Everything in the listing must be repeated exactly, apart from the images.

> [Available data]
____________

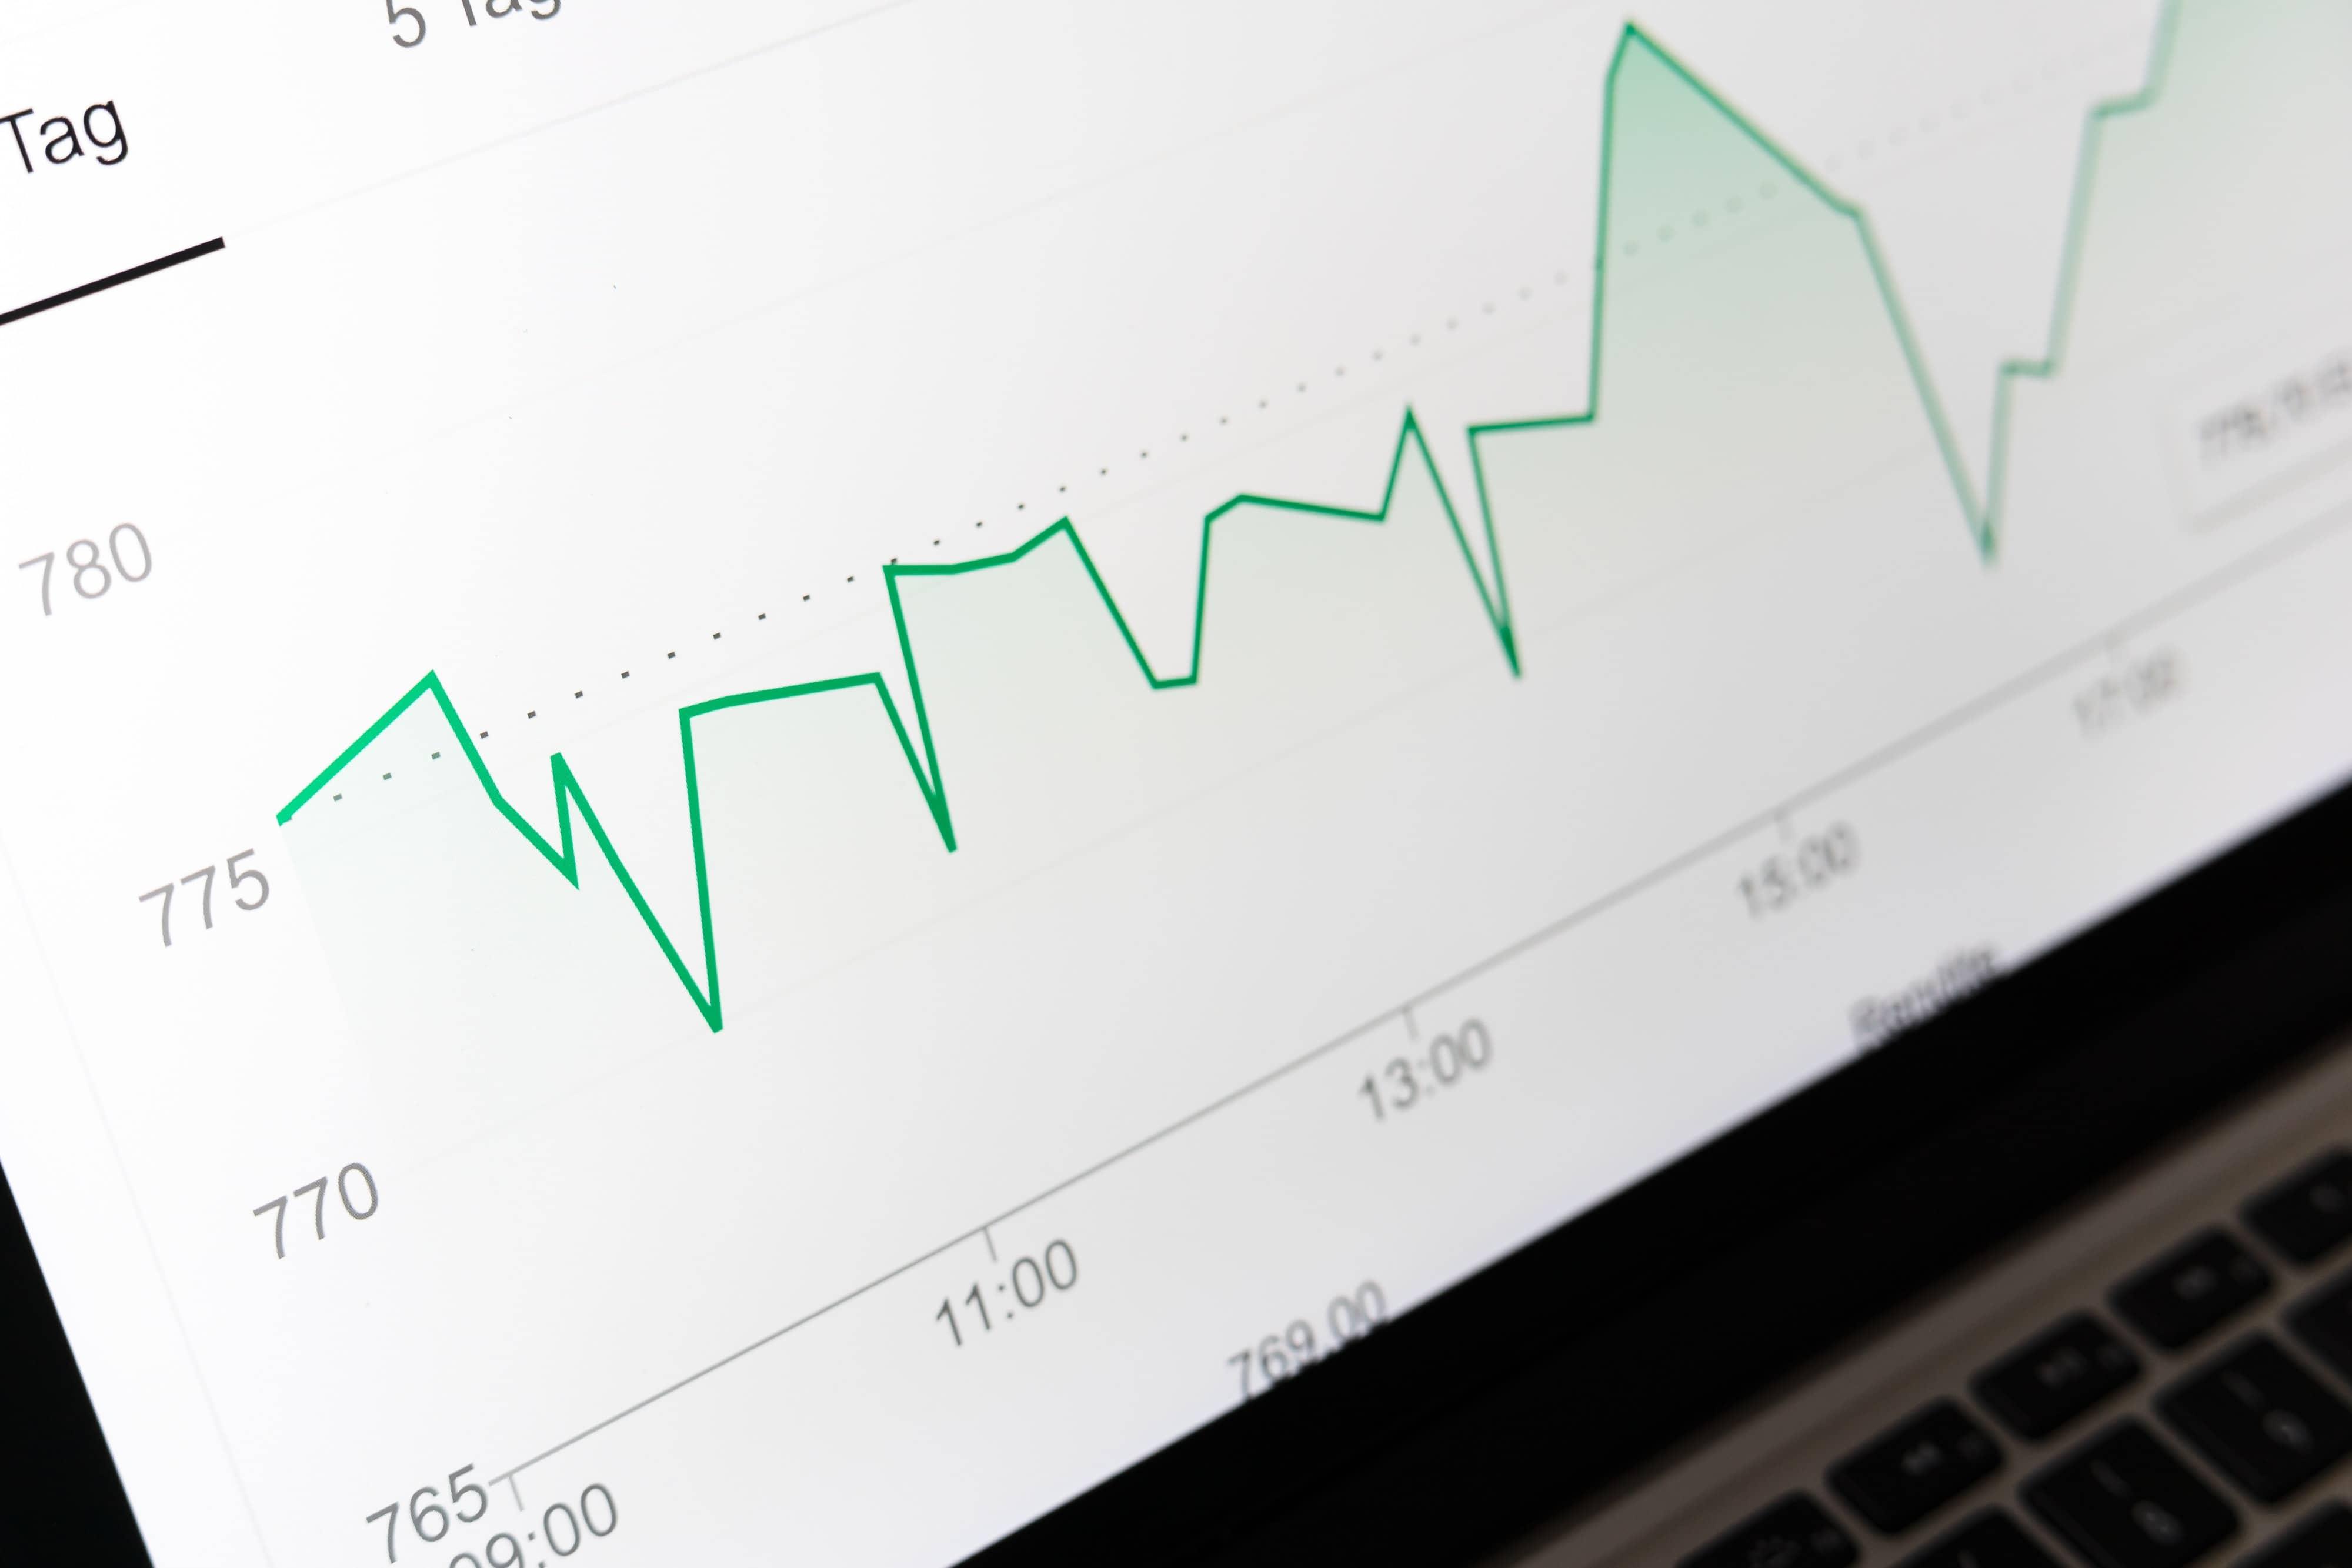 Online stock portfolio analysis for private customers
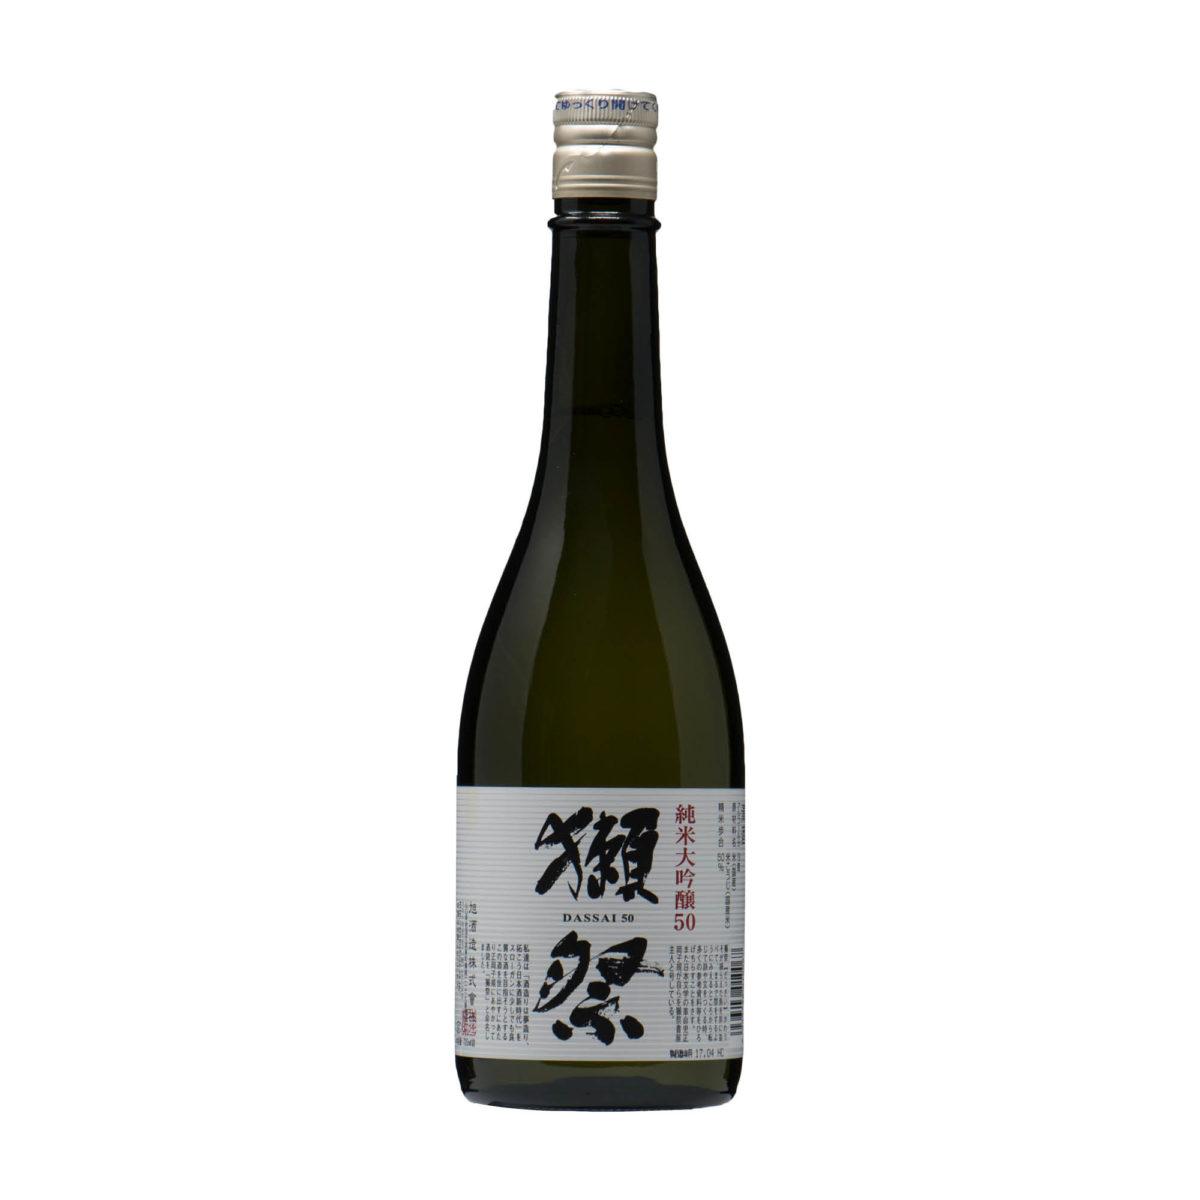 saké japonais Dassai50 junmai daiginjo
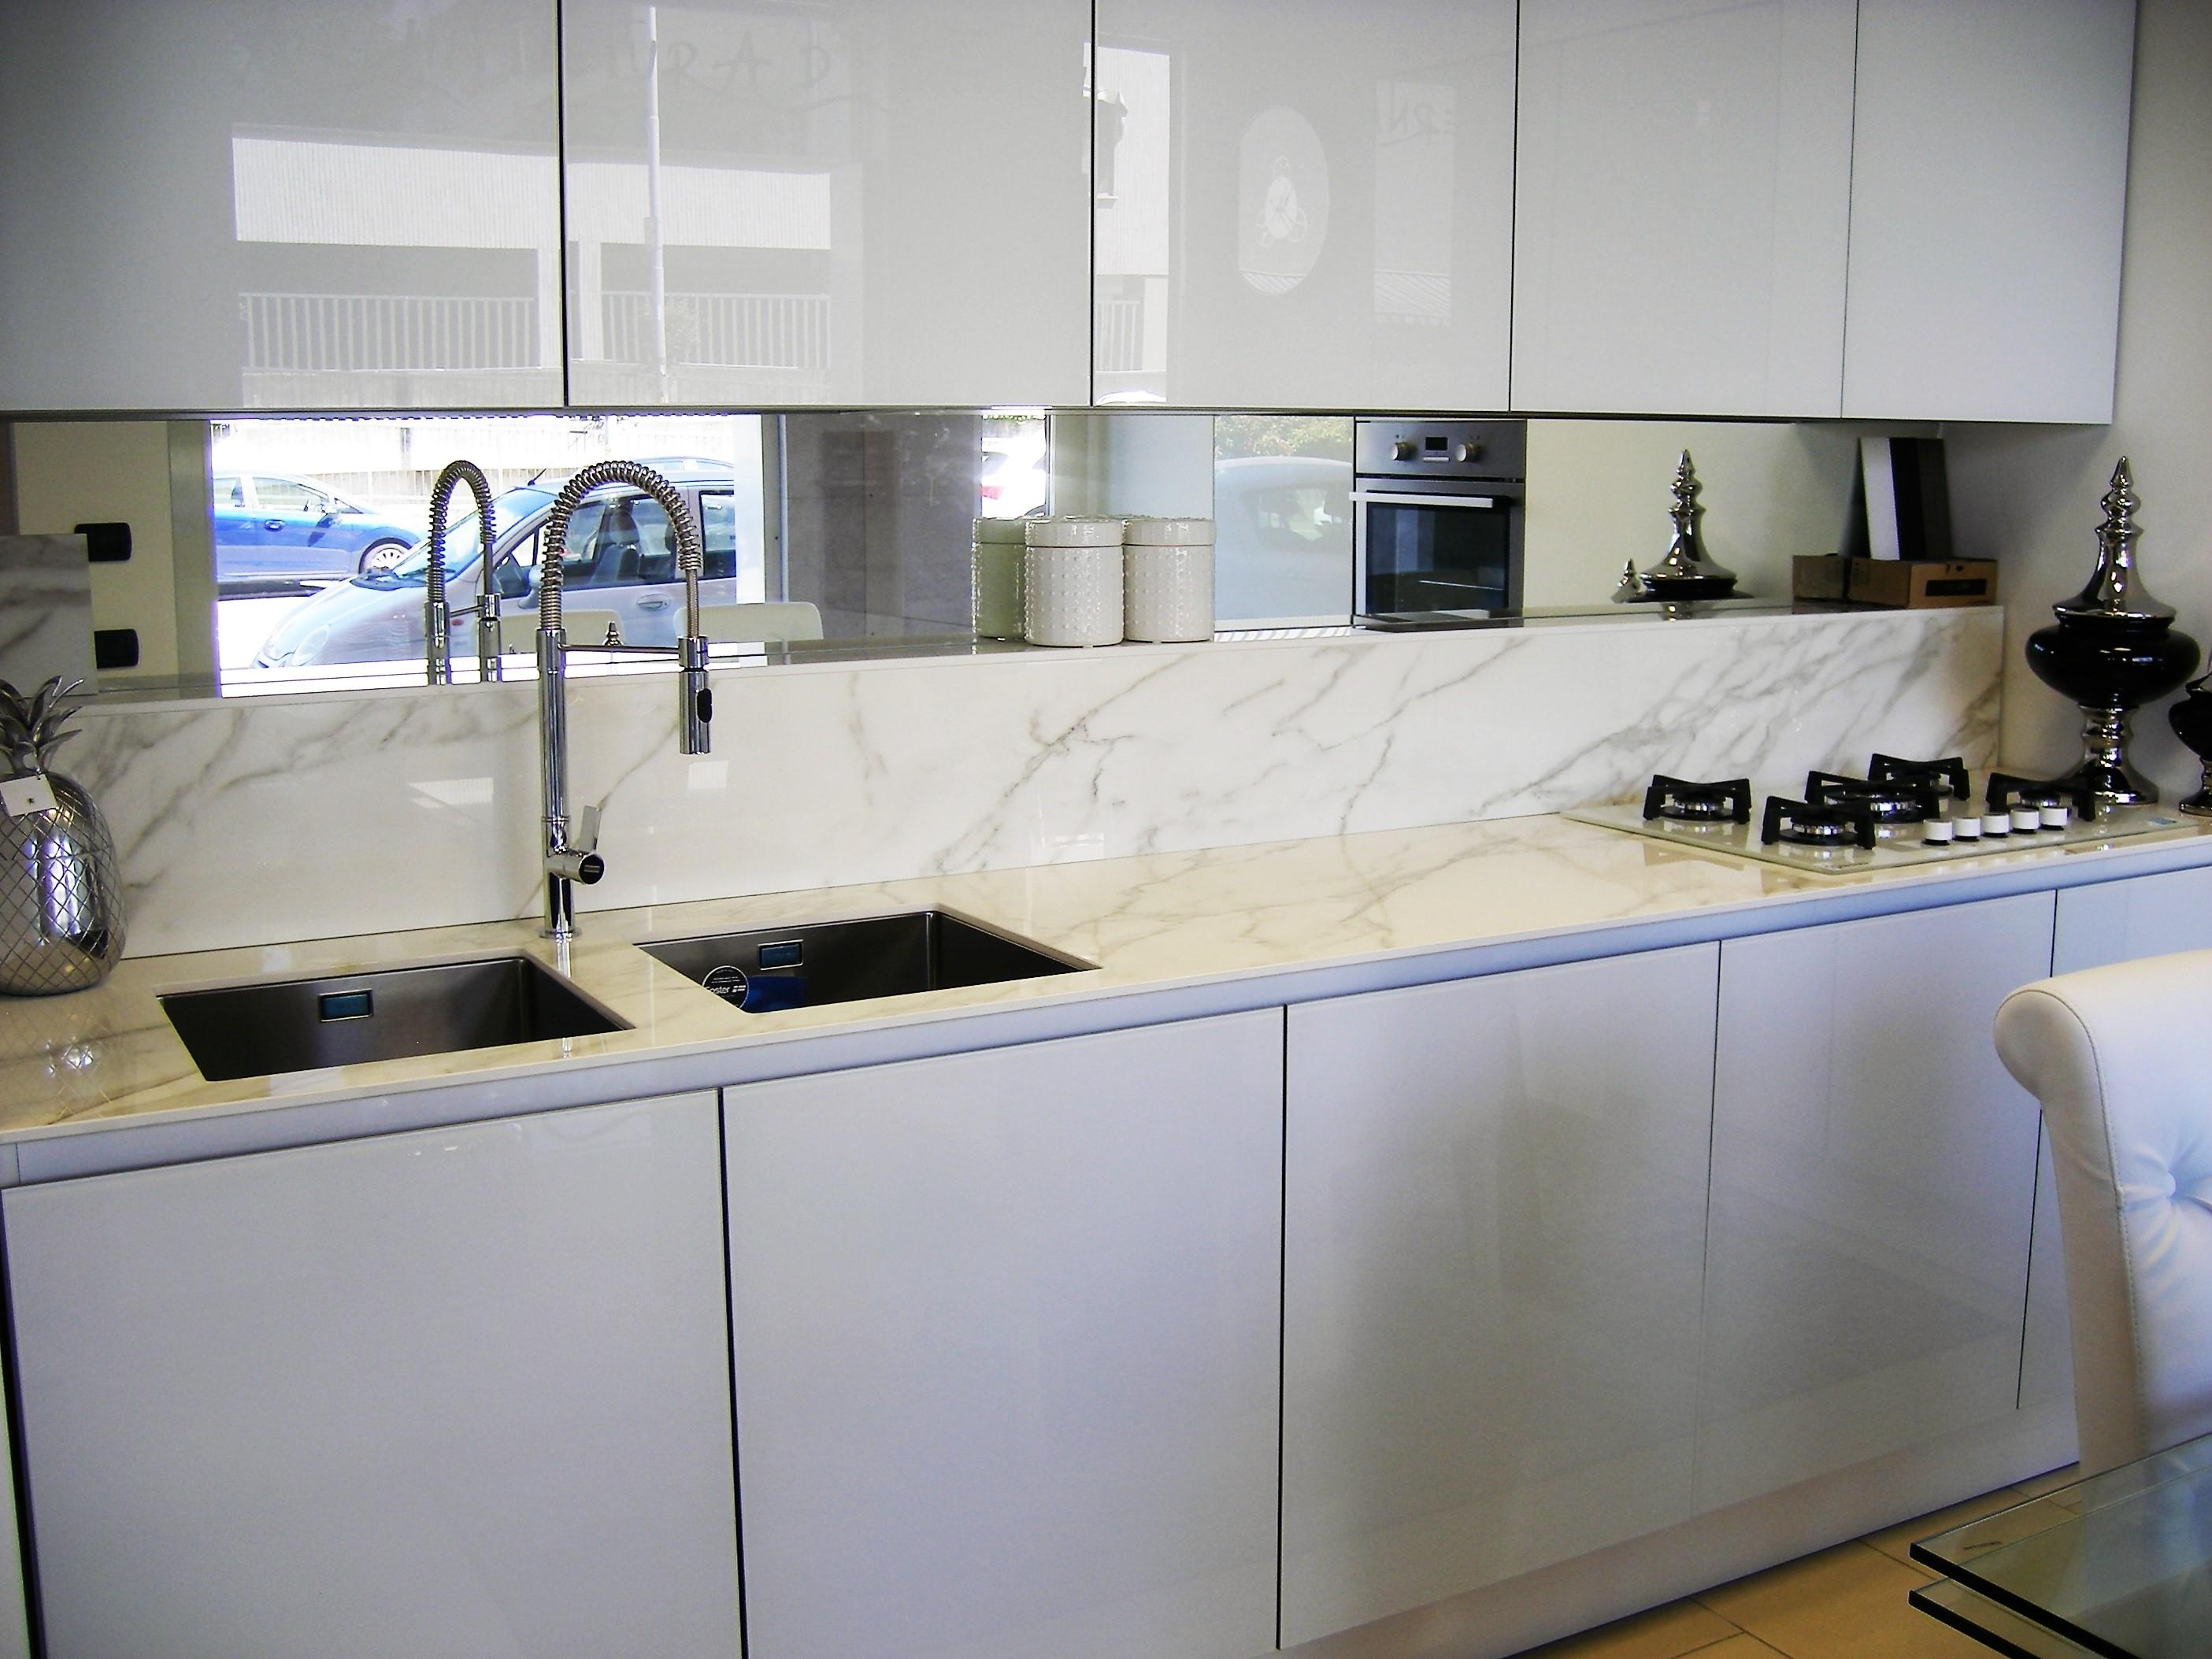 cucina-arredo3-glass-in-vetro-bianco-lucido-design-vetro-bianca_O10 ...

____________

> [Answer box]
 Online stock portfolio analysis for private customers
 saké japonais Dassai50 junmai daiginjo
 cucina-arredo3-glass-in-vetro-bianco-lucido-design-vetro-bianca_O10 ...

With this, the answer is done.